Les affirmations de puissance de la Russie, de la Chine, de l’Iran et de la Turquie ainsi que les confrontations hybrides et multiformes mettent en péril la sécurité internationale, avec un risque de déclassement stratégique pour l’Europe. En conséquence, la France réactualise sa « Revue stratégique ».

Alice Guitton, directrice générale des relations internationales et de la stratégie du ministère des Armées, a présenté le document « Actualisation stratégique 2021 » (AS 2021) à la presse, le 21 janvier 2021 à Paris. Dans la préface, la ministre des Armées, Florence Parly, souligne que le bouleversement social et économique majeur dû au Covd-19 a approfondi les clivages et rapports de forces, suscitant de nouvelles tensions sur les ressources et surtout catalysant les menaces.

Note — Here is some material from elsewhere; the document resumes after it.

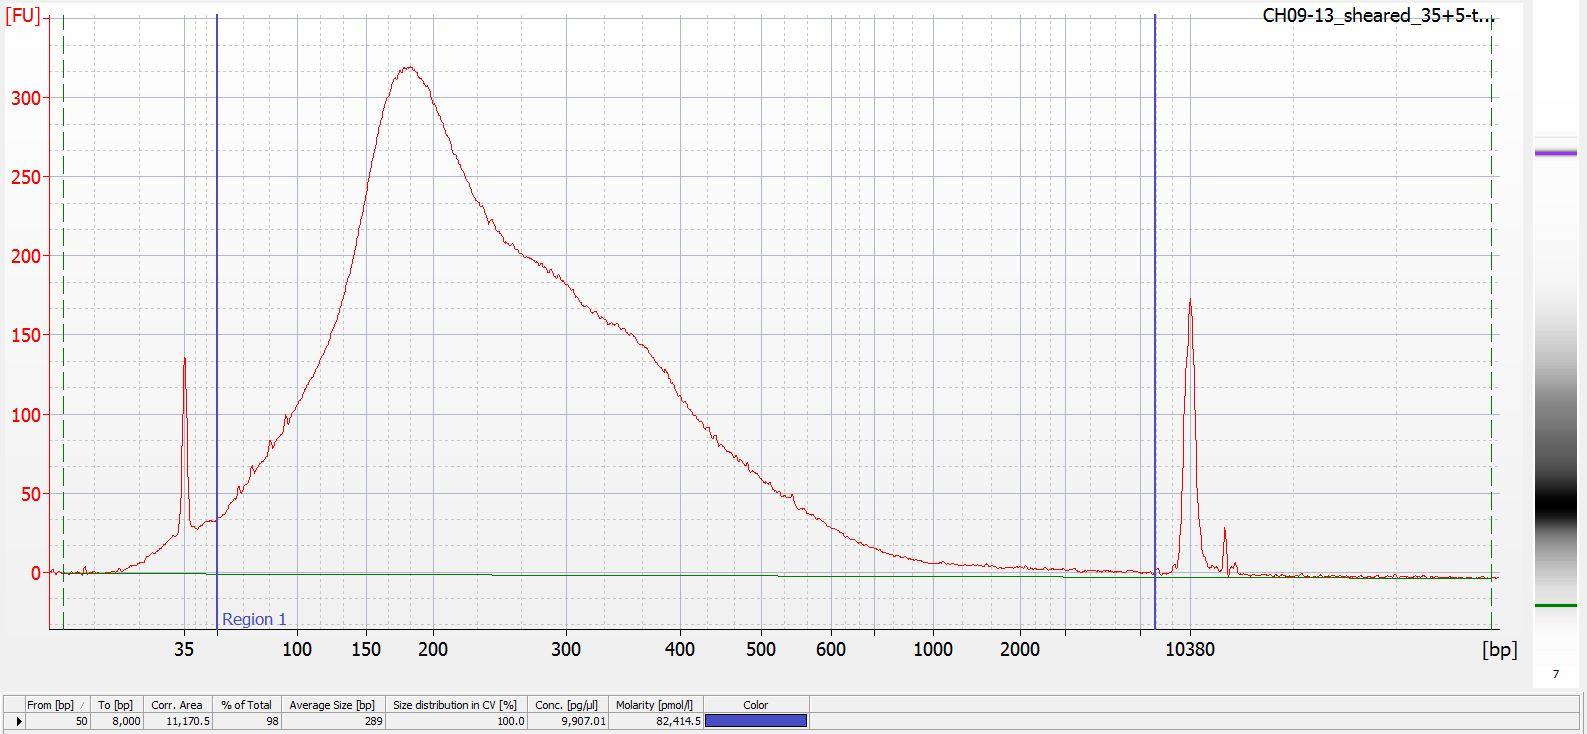 Sheared CH09-13 Bioanalyzer electropherogram

Amplification des menaces. L’AS 2021 confirme les grandes menaces déjà identifiées dans la Revue stratégique de 2017, indique Alice Guitton : terrorisme djihadiste ; prolifération des armes de destruction massive NRBC (nucléaire, radiologique, biologique et chimique) ; intensification de la compétition militaire de la Russie et de la Chine, qui exploitent l’intégralité des champs de confrontation, dont le cyber et l’espace. En outre, se généralisent des stratégies hybrides, pratiquées notamment par l’Iran et la Turquie, pour exploiter les vulnérabilités des sociétés ouvertes, démocratiques et tolérantes. Pour y faire face, la défense de la France remonte en puissance avec trois objectifs. D’abord, un modèle d’armée complet permettra d’agir dans les champs matériels et immatériels et sur le spectre d’intervention le plus large possible pour conserver la liberté d’action et entraîner des pays partenaires. Ensuite, la base industrielle et technologique de défense joue un rôle majeur dans l’économie française. Enfin, il s’agit de renouveler les capacités nécessaires pour préparer la guerre de demain, y compris un conflit de haute intensité.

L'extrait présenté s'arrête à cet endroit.